Data segment =
——————————
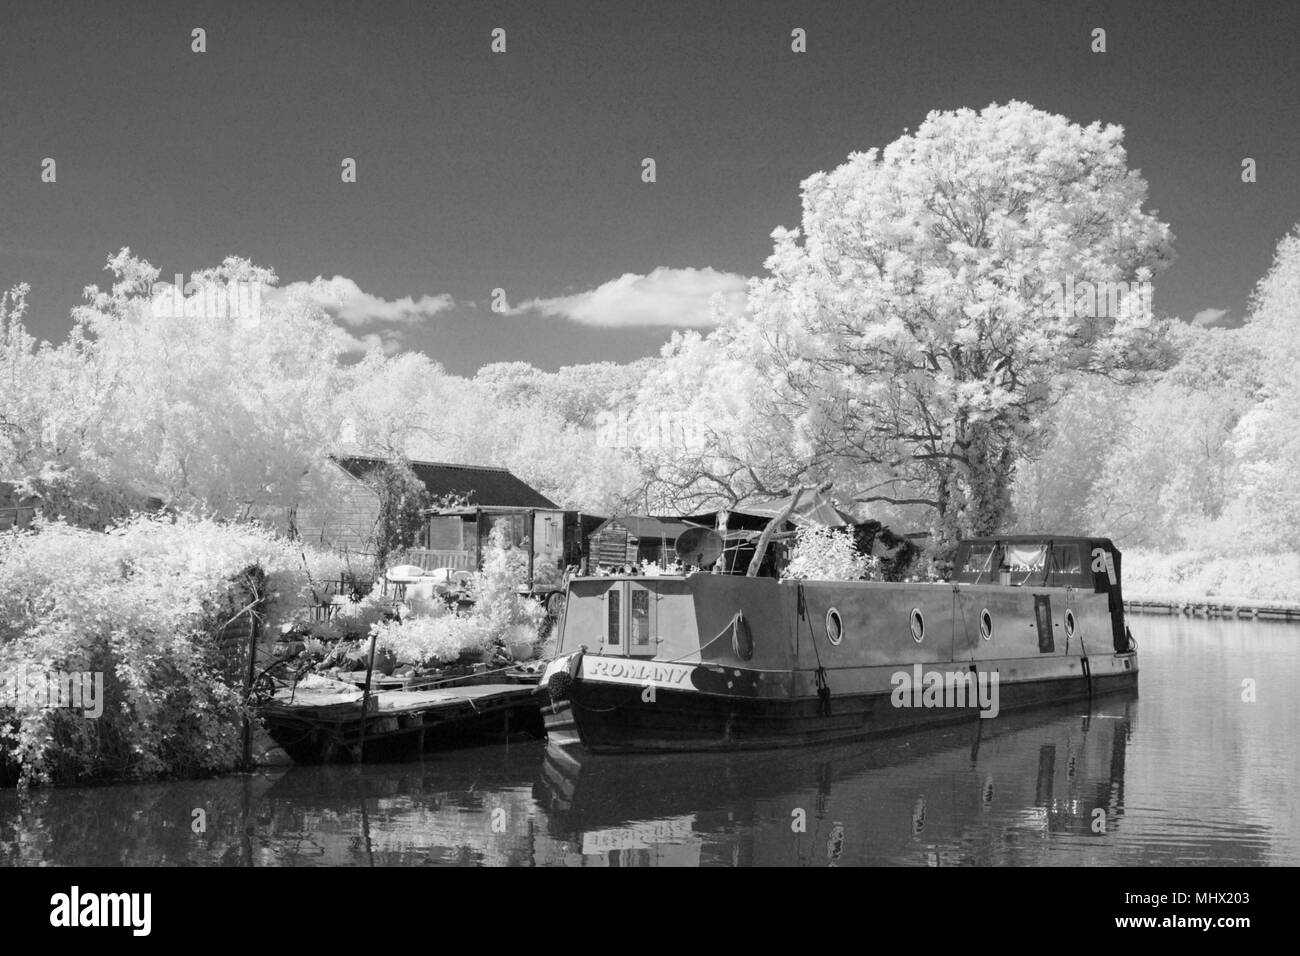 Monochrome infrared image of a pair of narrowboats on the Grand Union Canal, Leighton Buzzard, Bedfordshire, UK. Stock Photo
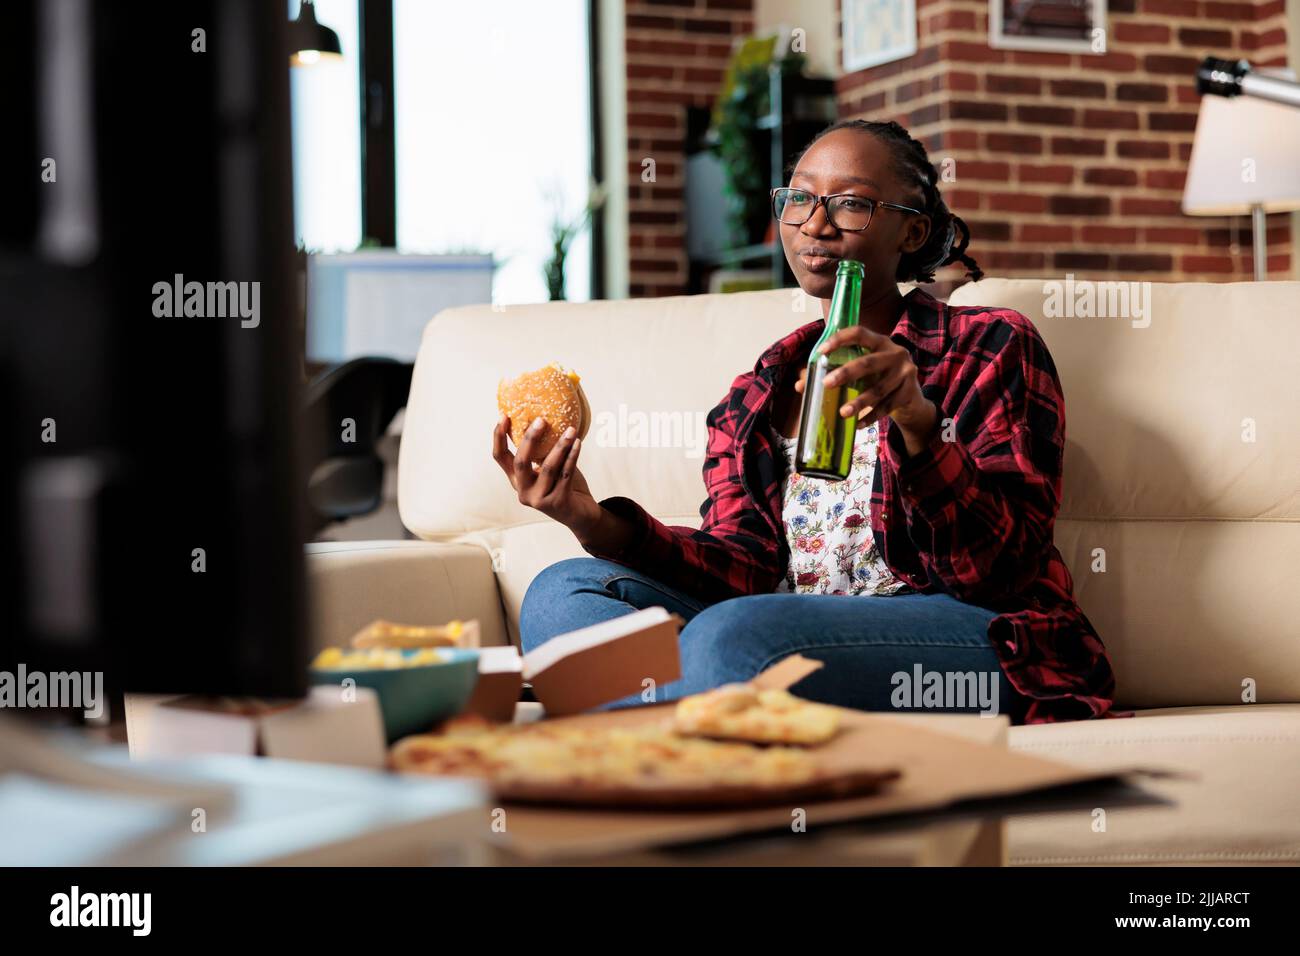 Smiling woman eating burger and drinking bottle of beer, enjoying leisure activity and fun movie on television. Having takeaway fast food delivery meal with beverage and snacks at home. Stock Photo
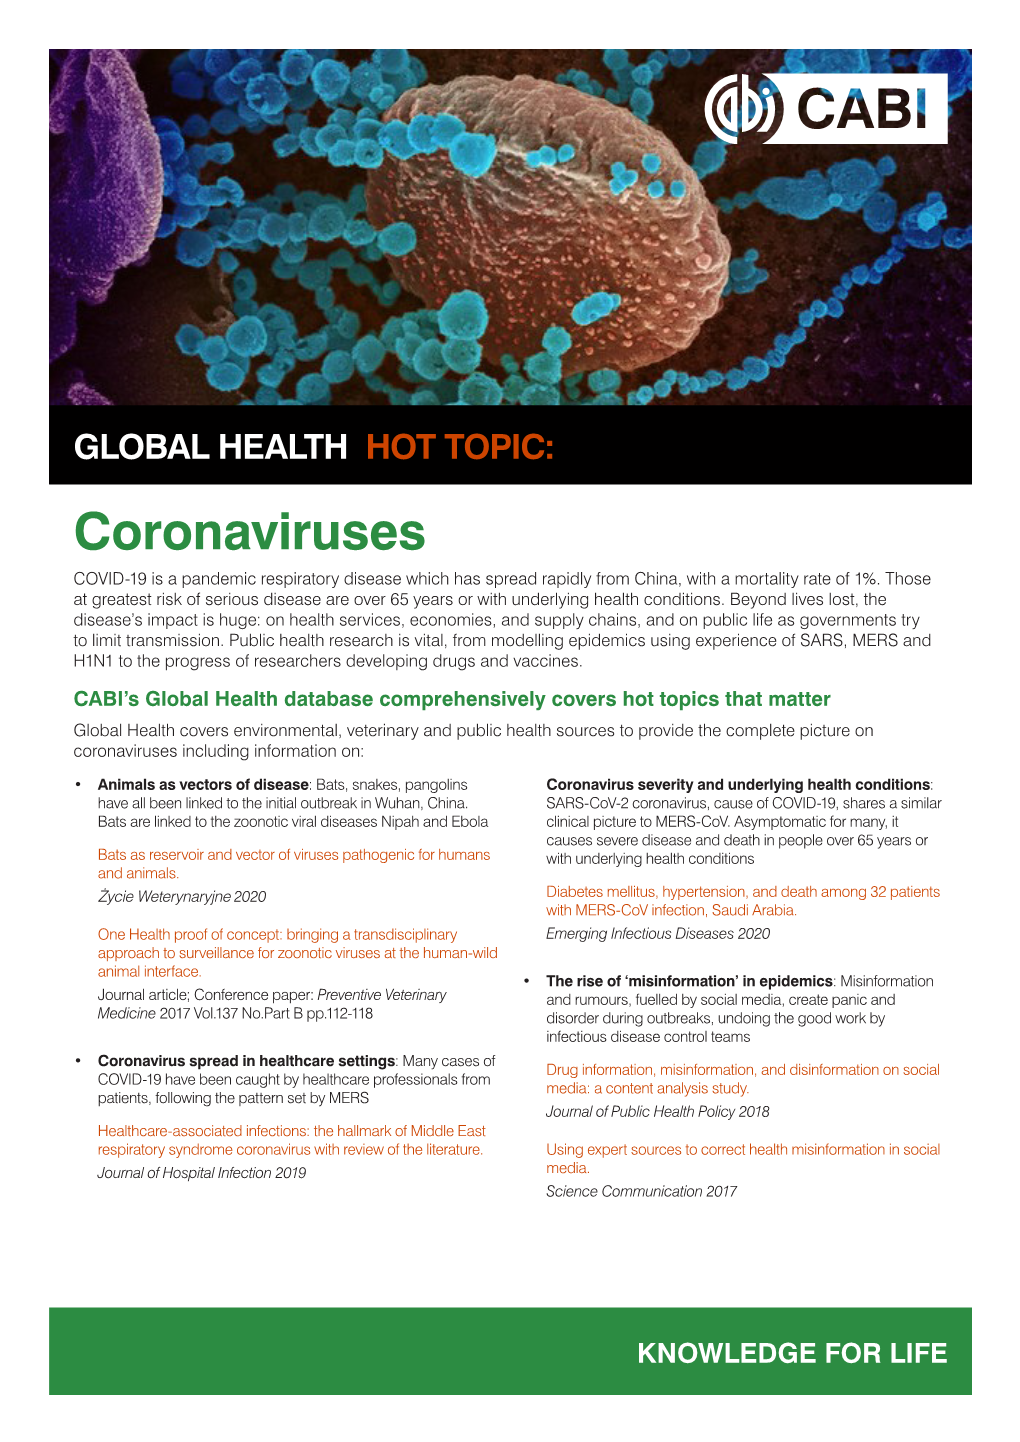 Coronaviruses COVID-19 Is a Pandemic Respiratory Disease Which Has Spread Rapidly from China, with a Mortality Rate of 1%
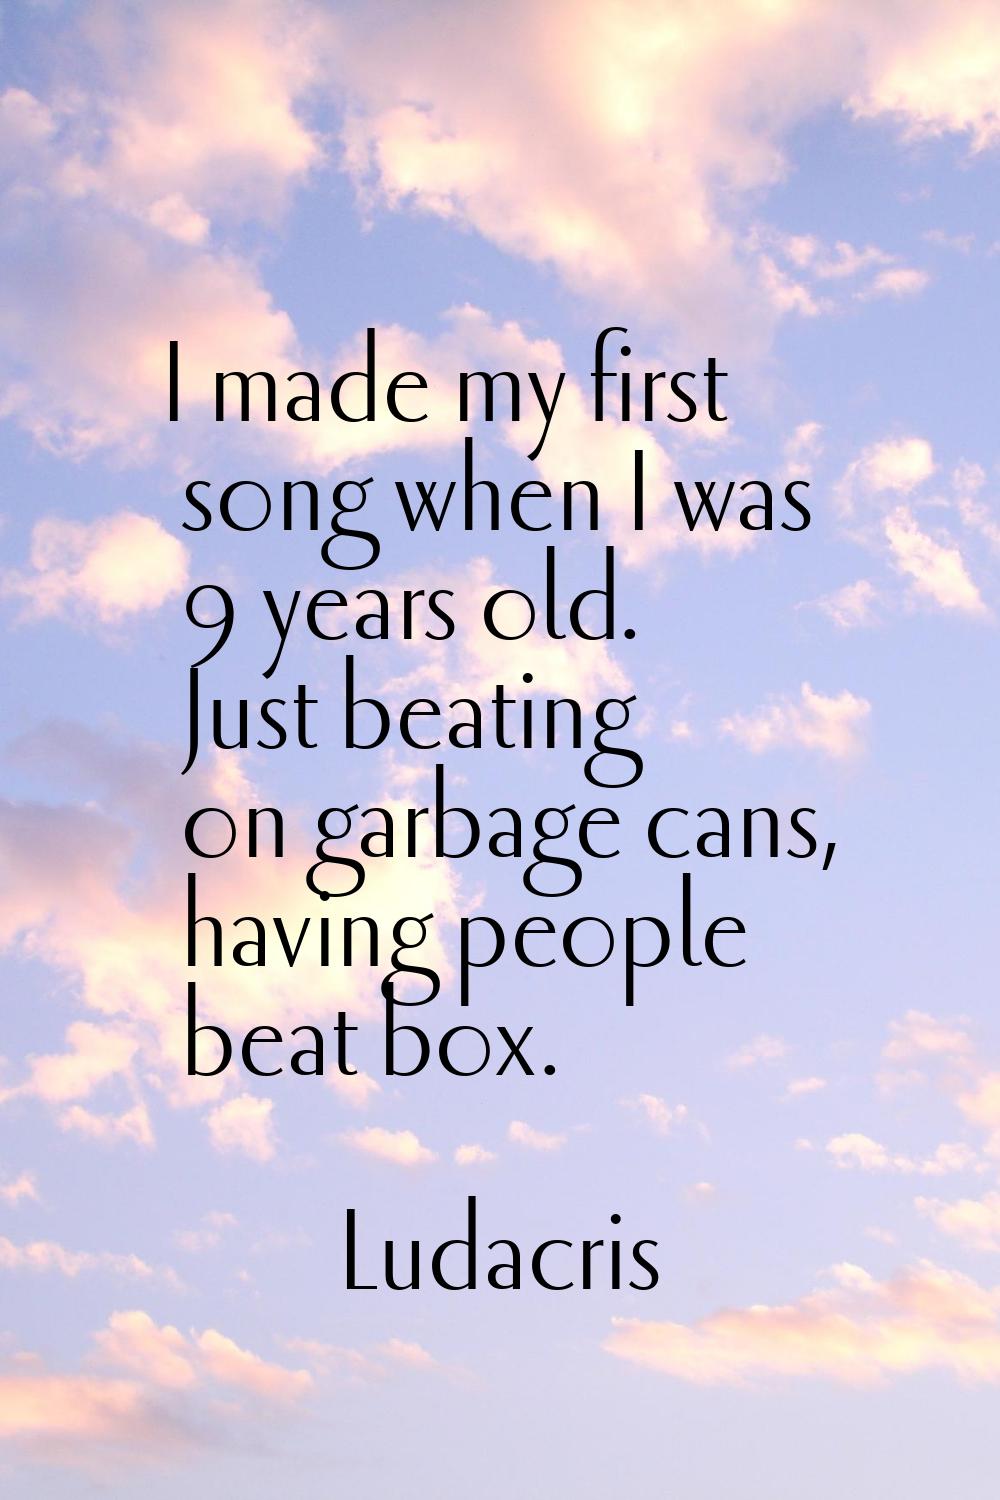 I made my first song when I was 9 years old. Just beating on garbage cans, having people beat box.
——————————
Your assignment =
Pictures do not belong in the copy. Reproduce the rest of the data exactly.

Exercise answer =
 Monochrome infrared image of a pair of narrowboats on the Grand Union Canal, Leighton Buzzard, Bedfordshire, UK. Stock Photo
 Smiling woman eating burger and drinking bottle of beer, enjoying leisure activity and fun movie on television. Having takeaway fast food delivery meal with beverage and snacks at home. Stock Photo
 Coronaviruses COVID-19 Is a Pandemic Respiratory Disease Which Has Spread Rapidly from China, with a Mortality Rate of 1%
 I made my first song when I was 9 years old. Just beating on garbage cans, having people beat box.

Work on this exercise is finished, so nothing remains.